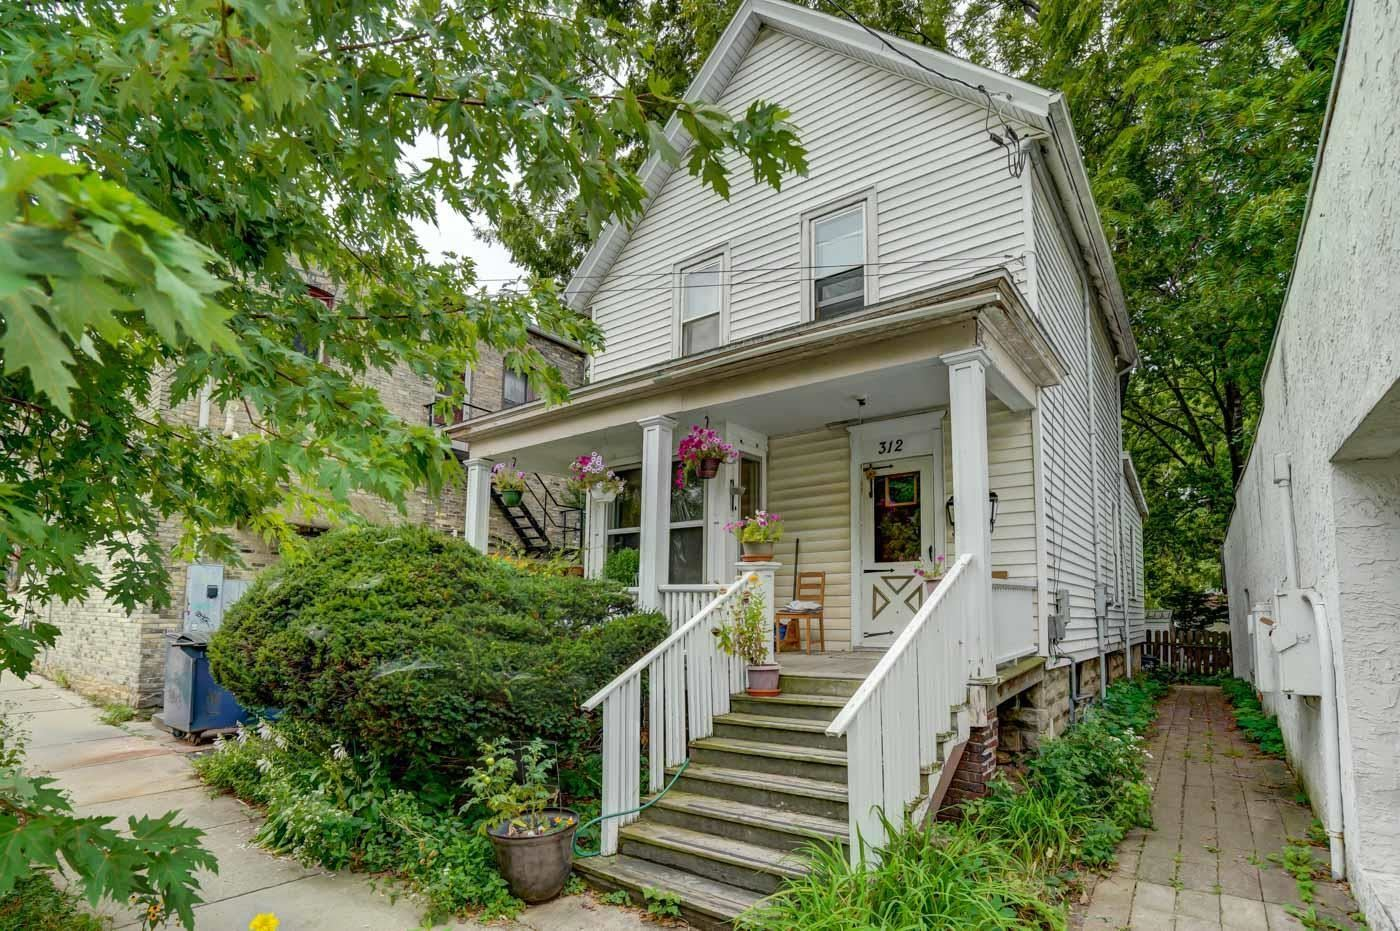 312 S Ingersoll St, Madison, WI 53703 - #: 1918961
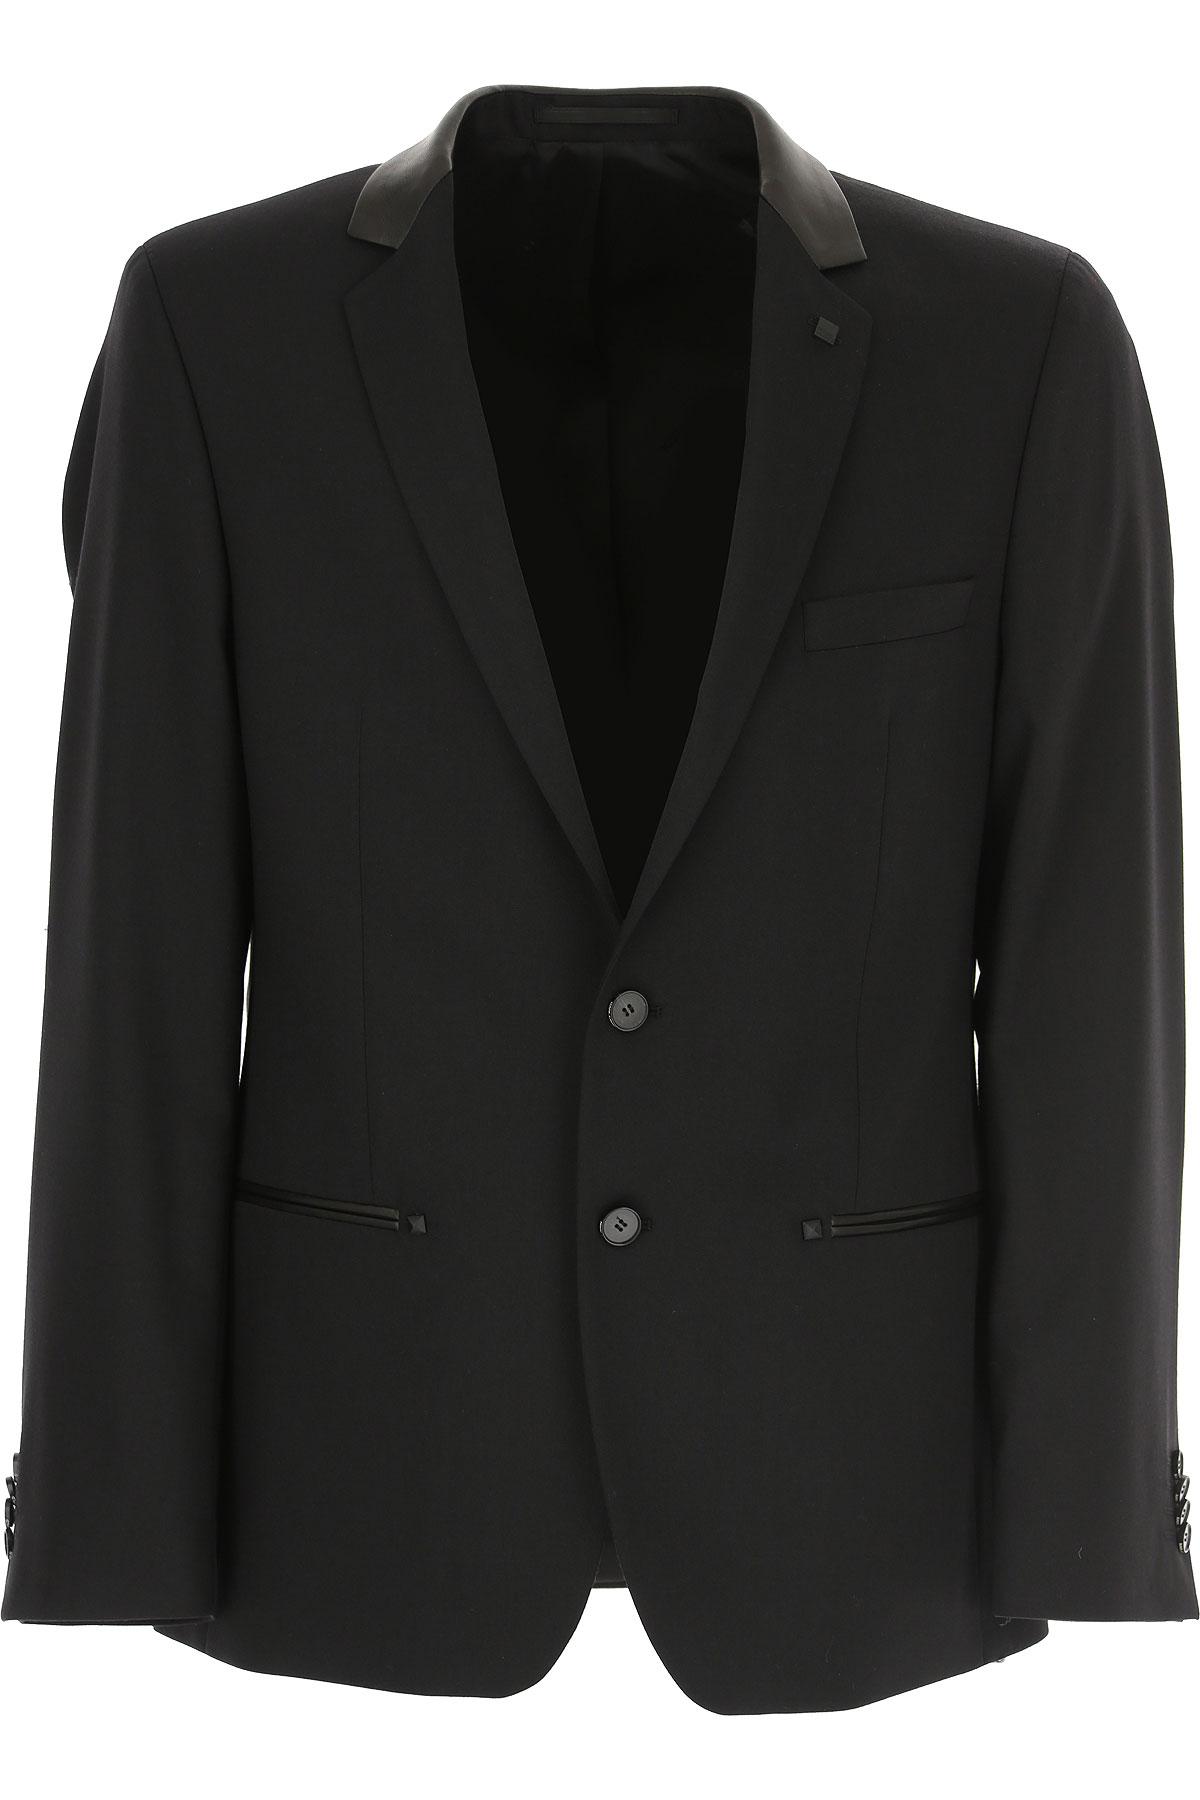 Karl Lagerfeld Blazer for Men, Sport Coat On Sale, Black, Wool, 2019, L M XL XXL
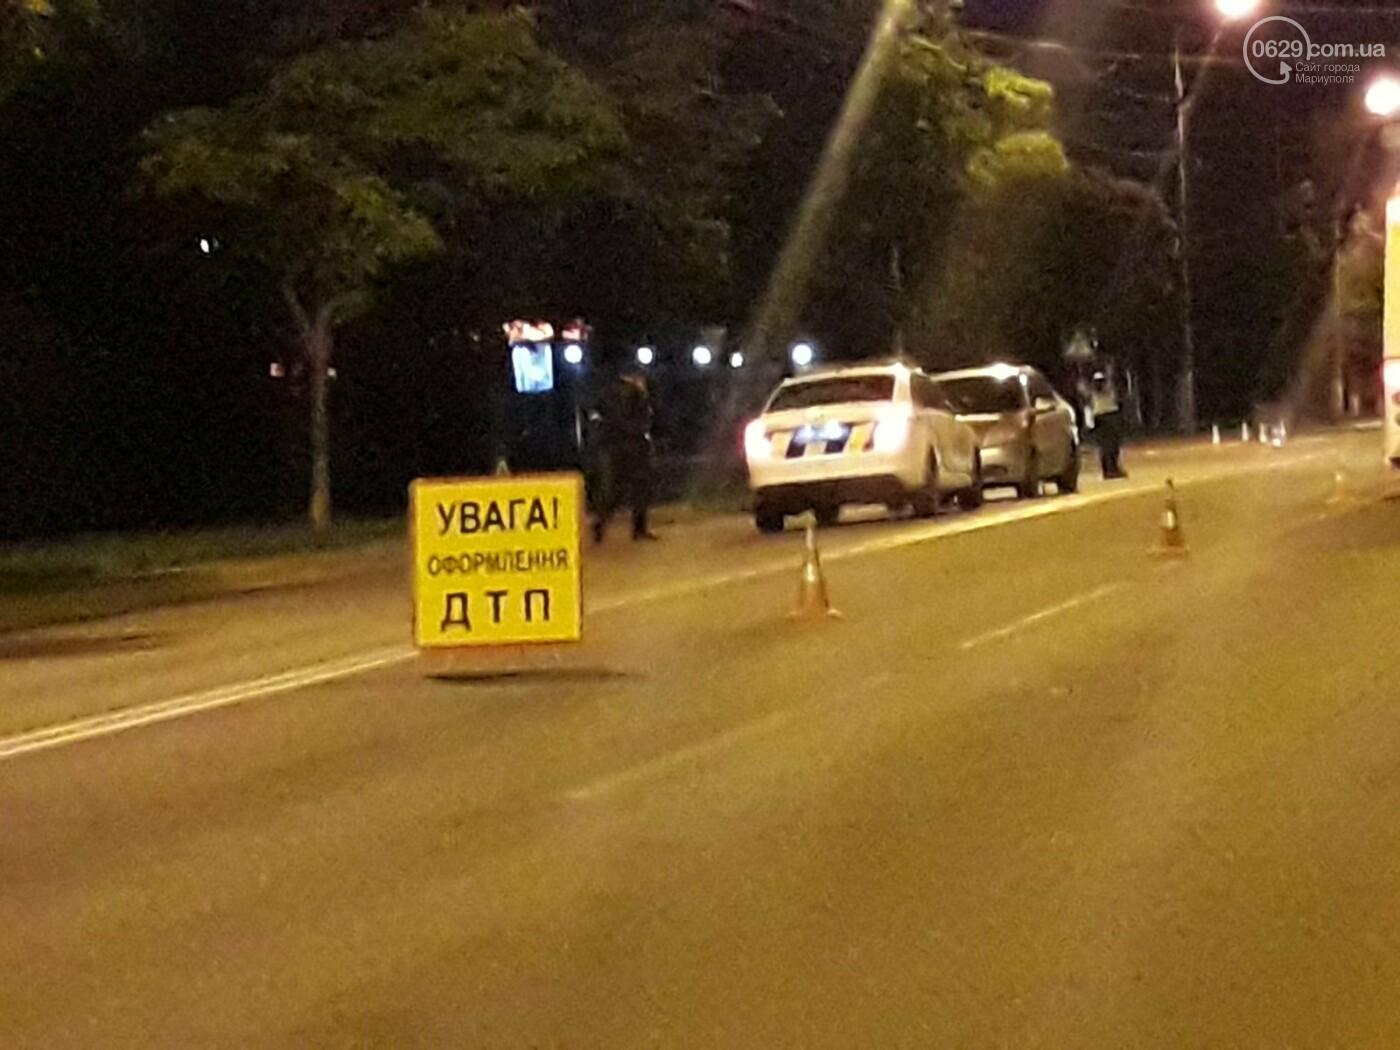 В центре Мариуполя на «зебре» Chevrolet сбил девушку, - ФОТО, ВИДЕО, фото-5

_Task details_. Output the listing above exactly, but leave its pictures behind.

_Response to this task_.
 312 S Ingersoll St, Madison, WI 53703 - #: 1918961
 Karl Lagerfeld Blazer for Men, Sport Coat On Sale, Black, Wool, 2019, L M XL XXL
 В центре Мариуполя на «зебре» Chevrolet сбил девушку, - ФОТО, ВИДЕО, фото-5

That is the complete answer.